Deuterium isotope effect on the metabolism and toxicity of 1,2-dibromoethane

doi:10.1016/0041-008X(83)90297-1

Toxicology and Applied Pharmacology

Volume 69, Issue 2, 30 June 1983, Pages 170-178

https://doi.org/10.1016/0041-008X(83)90297-1 Get rights and content

Abstract

The metabolism, hepatotoxicity, and hepatic DNA damage of 1,2-dibromoethane (EDB) and tetradeutero-1,2-dibromoethane (d₄EDB) were compared in male Swiss-Webster mice. In vitro studies that measured bromide ion released from the substrate to monitor the rate of metabolism showed that the hepatic microsomal metabolism of EDB was significantly reduced by deuterium substitution, while metabolism by the hepatic glutathione S-transferases was unaffected. Three hours after ip administration of EDB or d₄EDB (50 mg/kg), there was 42% less bromide in the plasma of d₄EDB-treated mice than in the plasm of EDB-treated mice. This difference demonstrates a significant deuterium isotope effect on the metabolism of EDB in vivo.
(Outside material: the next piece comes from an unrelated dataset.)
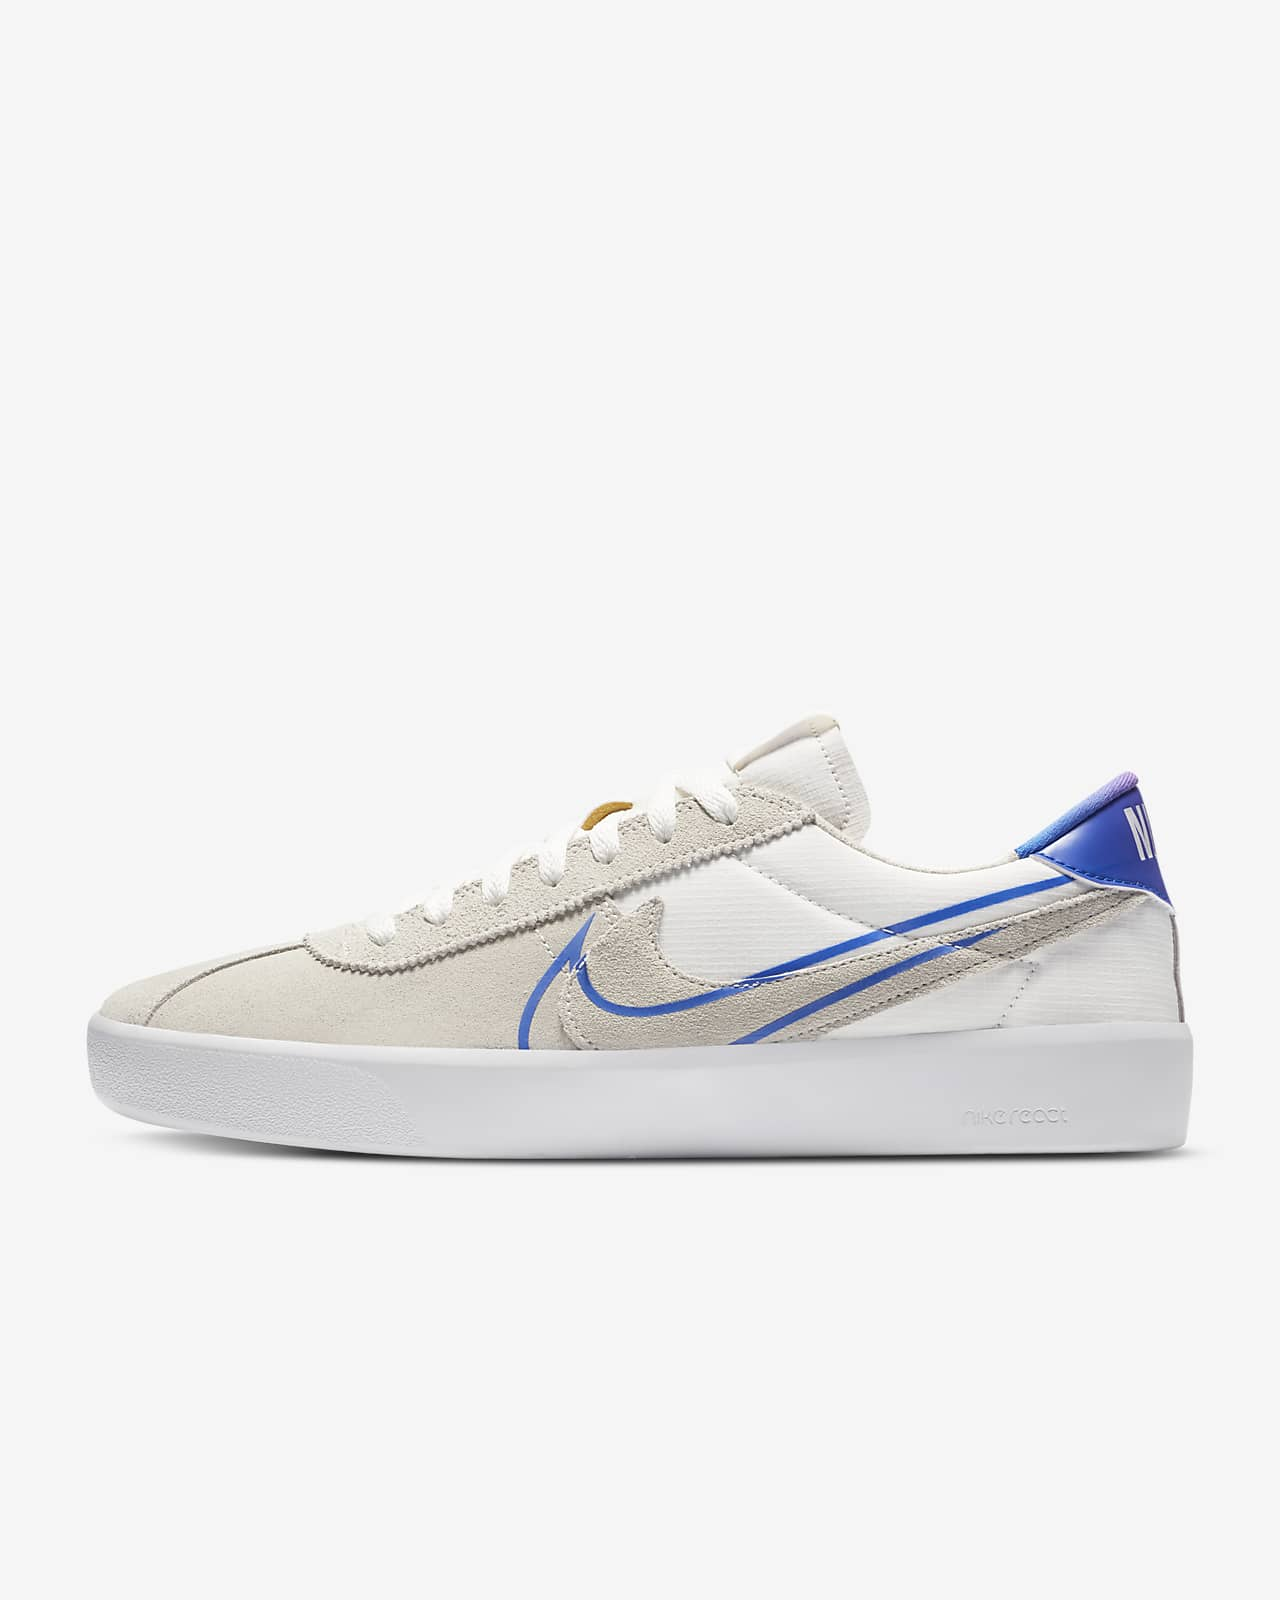 รองเท้าสเก็ตบอร์ด Nike SB Bruin React T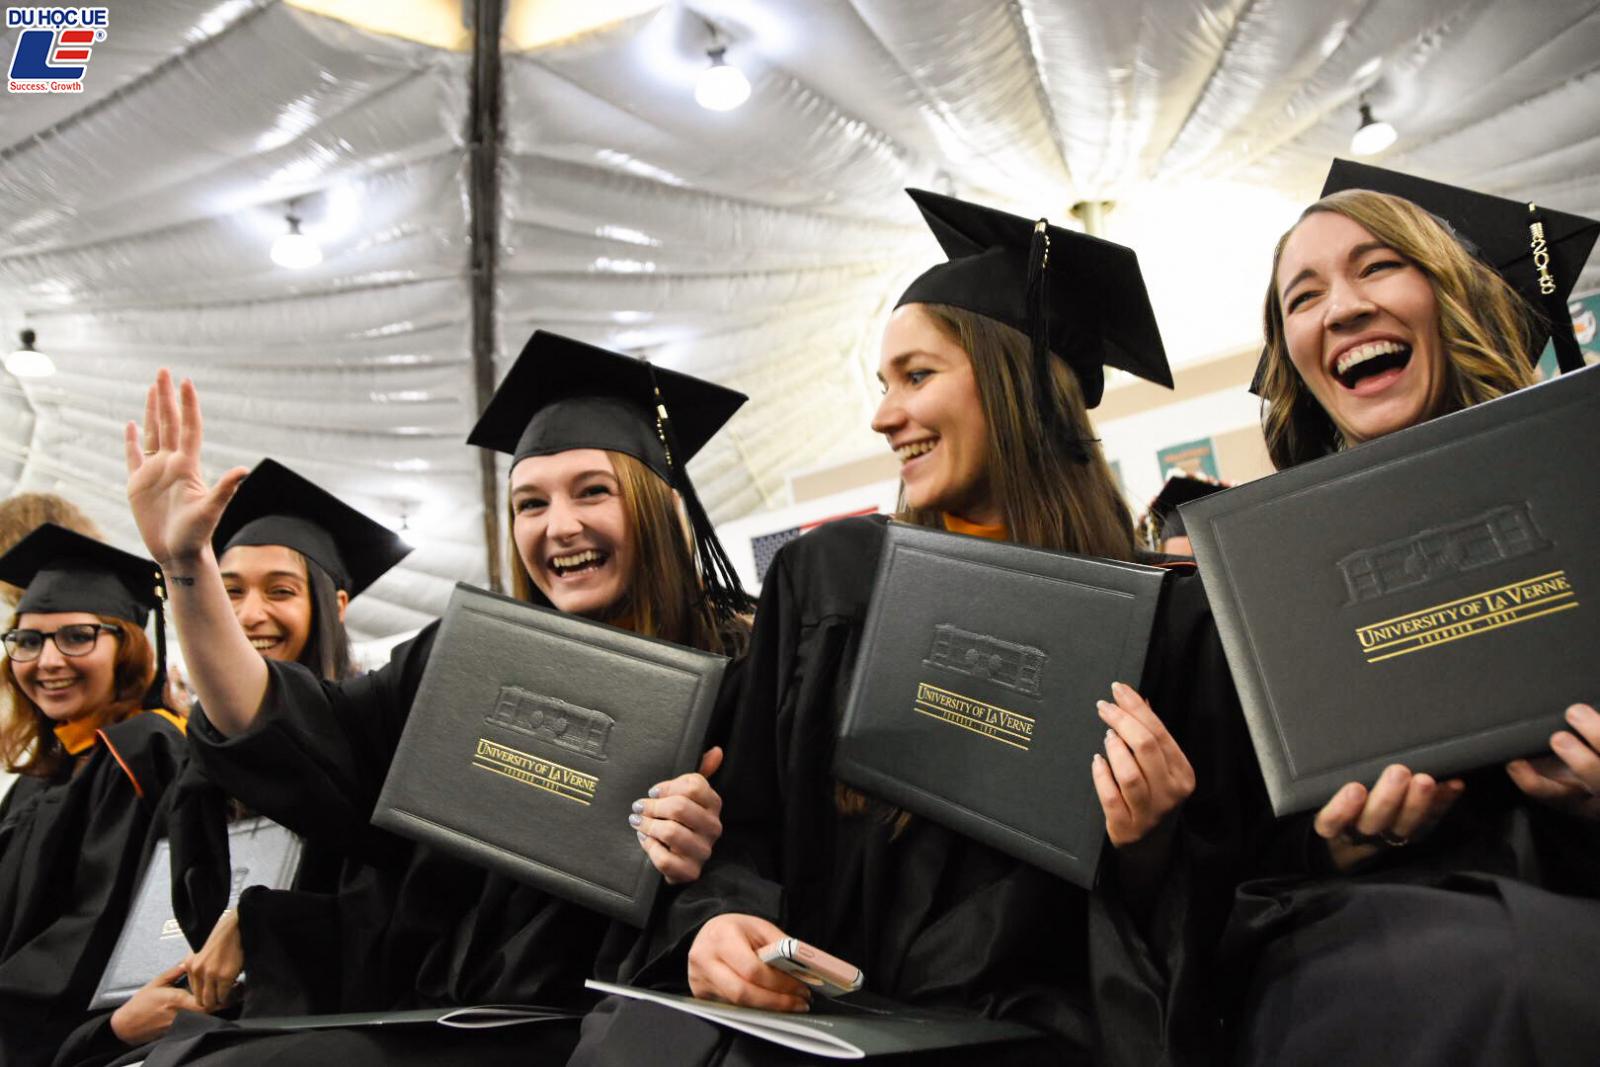 Chinh phục học bổng $25.000 từ University Of La Verne 5

Although the metabolism of d₄EDB was less than that of EDB 3 hr after exposure, the DNA damage caused by both analogs was not significantly different at this time point. At later time points (8, 24, and 72 hr), d₄EDB caused significantly greater DNA damage than EDB. Since the decreased metabolism of d₄EDB was apparently due to a reduced rate of microsomal oxidation, these data support the hypothesis that conjugation with GSH is responsible for the genotoxic effects of EDB.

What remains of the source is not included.